Долли-Наташа смотрела на героя Островского, а он не реагировал на нее. Зато вперился в нее взглядом я — и она, почувствовав мой взгляд, поняла свою ошибку. Нога ее отдернулась, глаза испустили в меня испепеляющую молнию.
— Ты только не воображай себе ничего! — понятно лишь для нас двоих проговорила она.
Я пожал плечами:
— Не воображаю.
Но теперь я знал о ее намерении. И когда глаза ряженого удивленно и радостно замерли, замер он весь сам, превратившись в подобие соляного столба, я понял, что нога ее наконец достигла правильной цели.
— Что? — спросила она ряженого с самым невинным видом — не знать, что делает ее нога под столом, ни за что не поймешь истинного смысла ее вопроса. А глаза Долли-Наташи, видел я, обещали этому герою Островского много больше, чем тайная подстольная ласка. Она его заманивала, завлекала — обольщала.
Вот так же, наверно, обольщала она и Ловца в Томске. А если и не совсем так, то как-нибудь похоже.
Надо заметить, у нее это получалось отменно. В ней не было и тени неуверенности в своей женской силе. Она подавала себя как какая-нибудь царица Савская. Как Клеопатра. Екатерина Вторая. В чем она, несомненно, была талантлива, так в этом — искусстве обольщения, вот уж точно.

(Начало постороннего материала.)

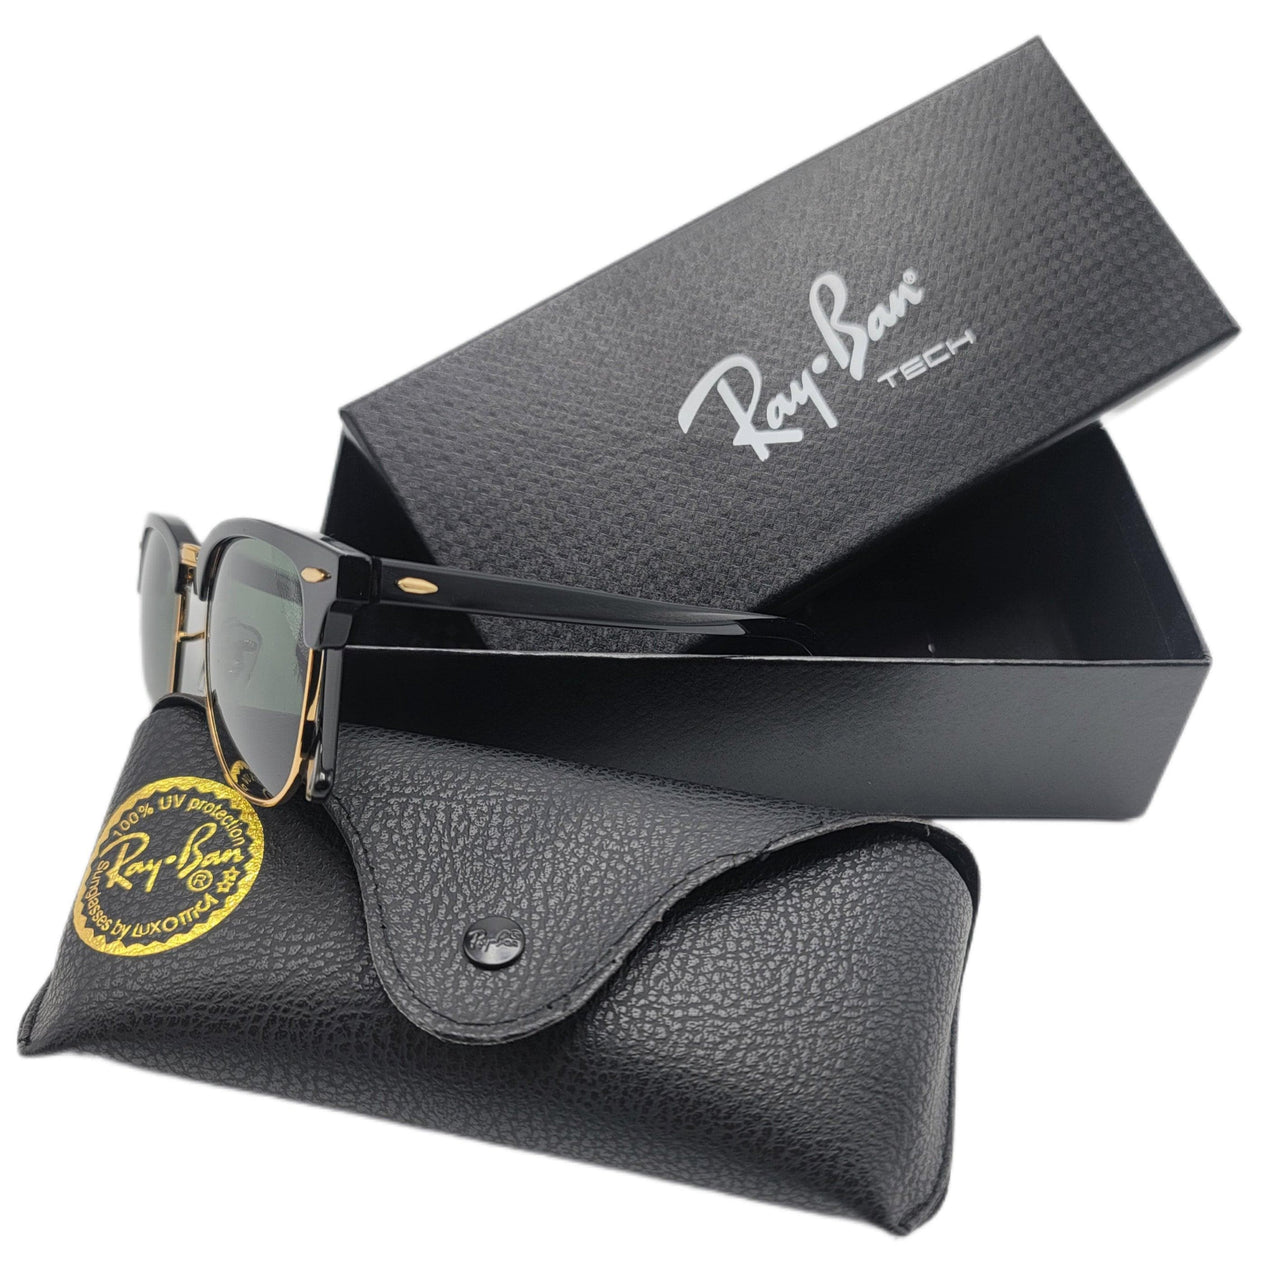 The Bag Couture Sunglasses Ray Ban Clubmaster Sunglasses GGR

Что я мог сделать? Что предпринять, чтобы защитить интересы друга, не предать его и не повредить ему в его отношениях с этим героем Островского?
Когда она спустя какое-то время встала и отправилась в туалет, немного погодя поднялся и я.
Я нес вахту около женской комнаты уединения, пока Долли-Наташа не появилась оттуда. Она появилась — и я набросился на нее:
— Ты что творишь, дура?!
Долли-Наташа попыталась обойти меня — я ей загородил дорогу.
— На кой черт тебе этот тип? Ты же сама себе все испортишь! Ваши отношения с Сергеем. Свою карьеру. Перестанет он завтра деньги в твой проект вкладывать — что будешь делать?
Долли-Наташа пожала плечами.
— А, какие у Сереги деньги! Вот если, как ты говоришь, этот тип перестанет завтра деньги давать, тогда точно: делай карьере ручкой.
— Да с какой стати он перестанет?
— А вдруг? Что мне, зависеть от его левой ноги?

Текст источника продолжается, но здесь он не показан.